Scientists at Vernadsky Crimean Federal University (CFU) have taken a major step in studying the electrical properties of lithium niobate crystals (LiNbO3), a promising material, widely used in the development of advanced optical and information processing devices.
The study results were published in Physics of the Solid State magazine.
Lithium niobate is an artificially synthesized compound in the form of crystals, which since 1965 and to this day has been of great interest to scientists from all industrialized countries. This is due to the fact that crystals are widely used in devices for processing information and controlling optical flows. Their physical properties can be seriously improved when special impurities are introduced into the crystal (or if their synthesis conditions are changed).
Scientists at the Crimean Federal University, together with their colleagues from the Tananaev Institute of Chemistry and Technology of Rare Elements and Mineral Raw Materials at the Russian Academy of Sciences, have long been advancing a detailed study of the electrical properties of LiNbO3. According to experts, information about them in serious scientific literature is now extremely contradictory.

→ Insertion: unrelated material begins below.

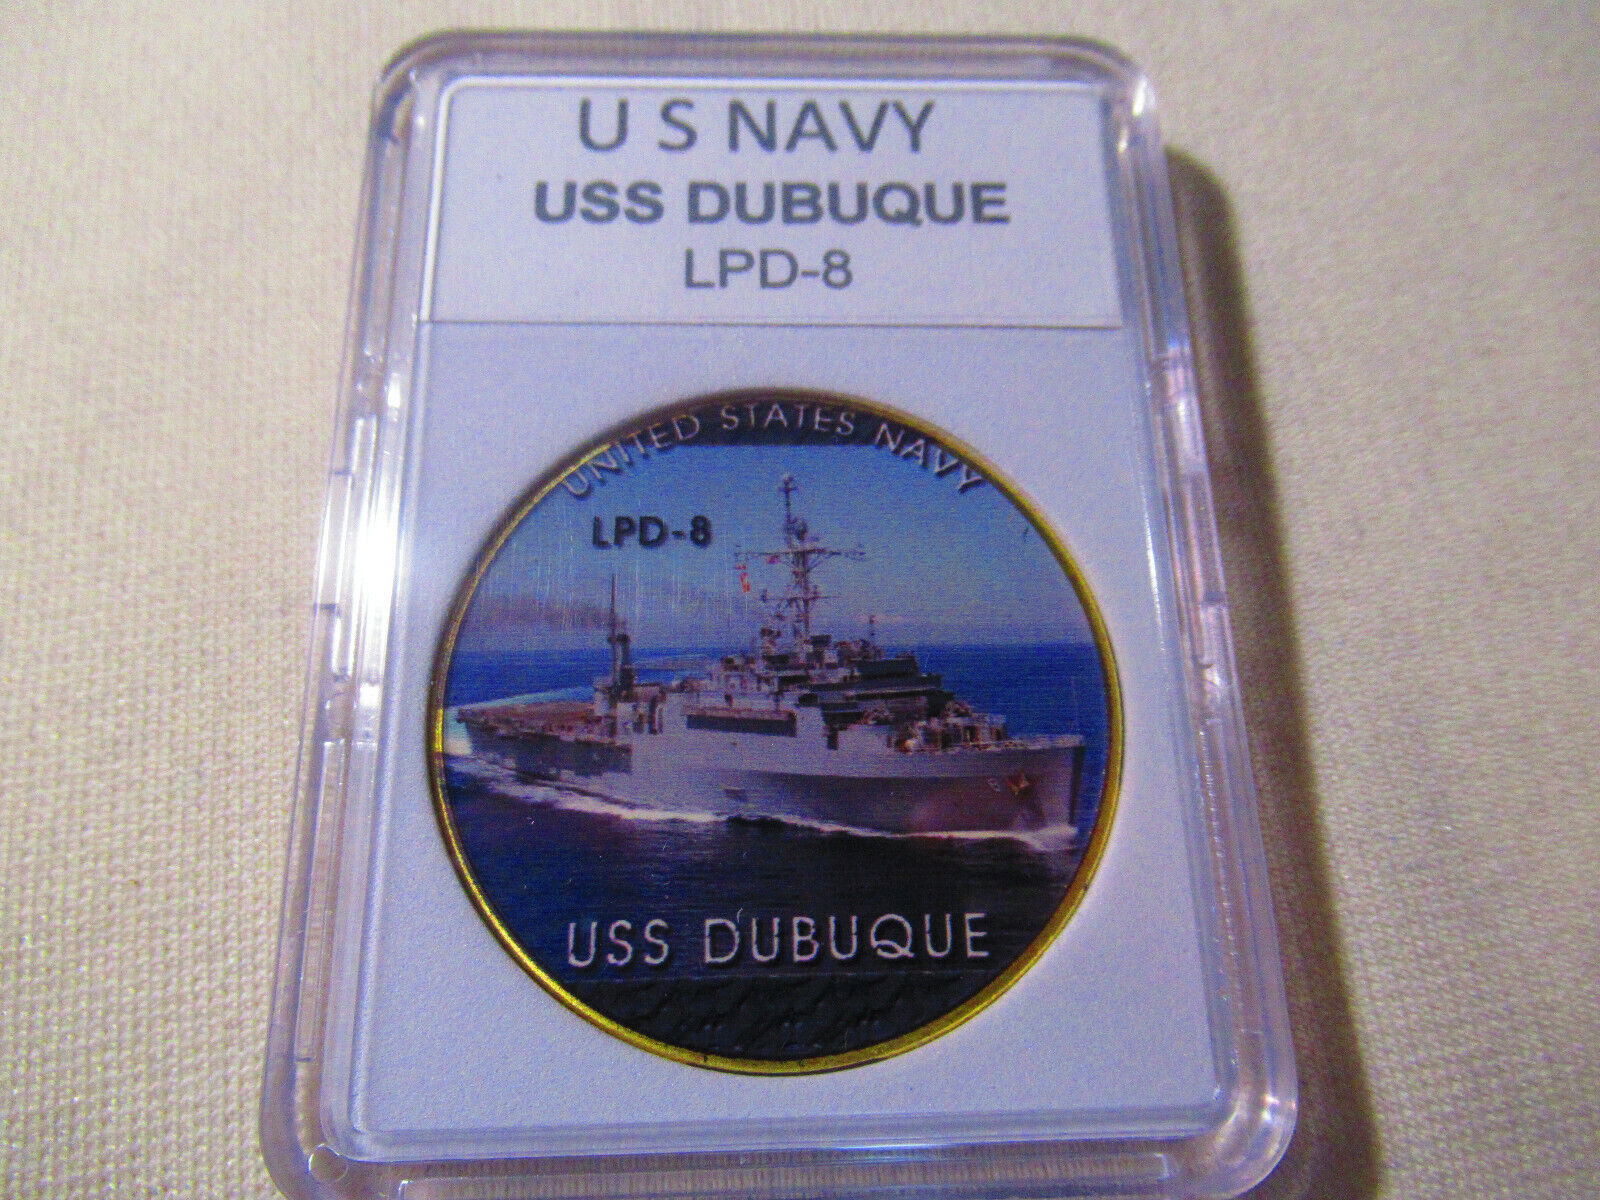 US NAVY - USS Dubuque (LPD-8) Challenge Coin

It is this “gaping void” that Russian experts have decided to fill, having discovered that crystals grown at room temperature from a melt with a potassium oxide flux have a significantly greater electrical resistance than ordinary crystals.
According to the researcher, the study results open up possibilities for scientists to work with such objects more meaningfully and effectively. The CFU scientists are currently studying the electrical properties of crystals with impurities of iron, zinc, and magnesium.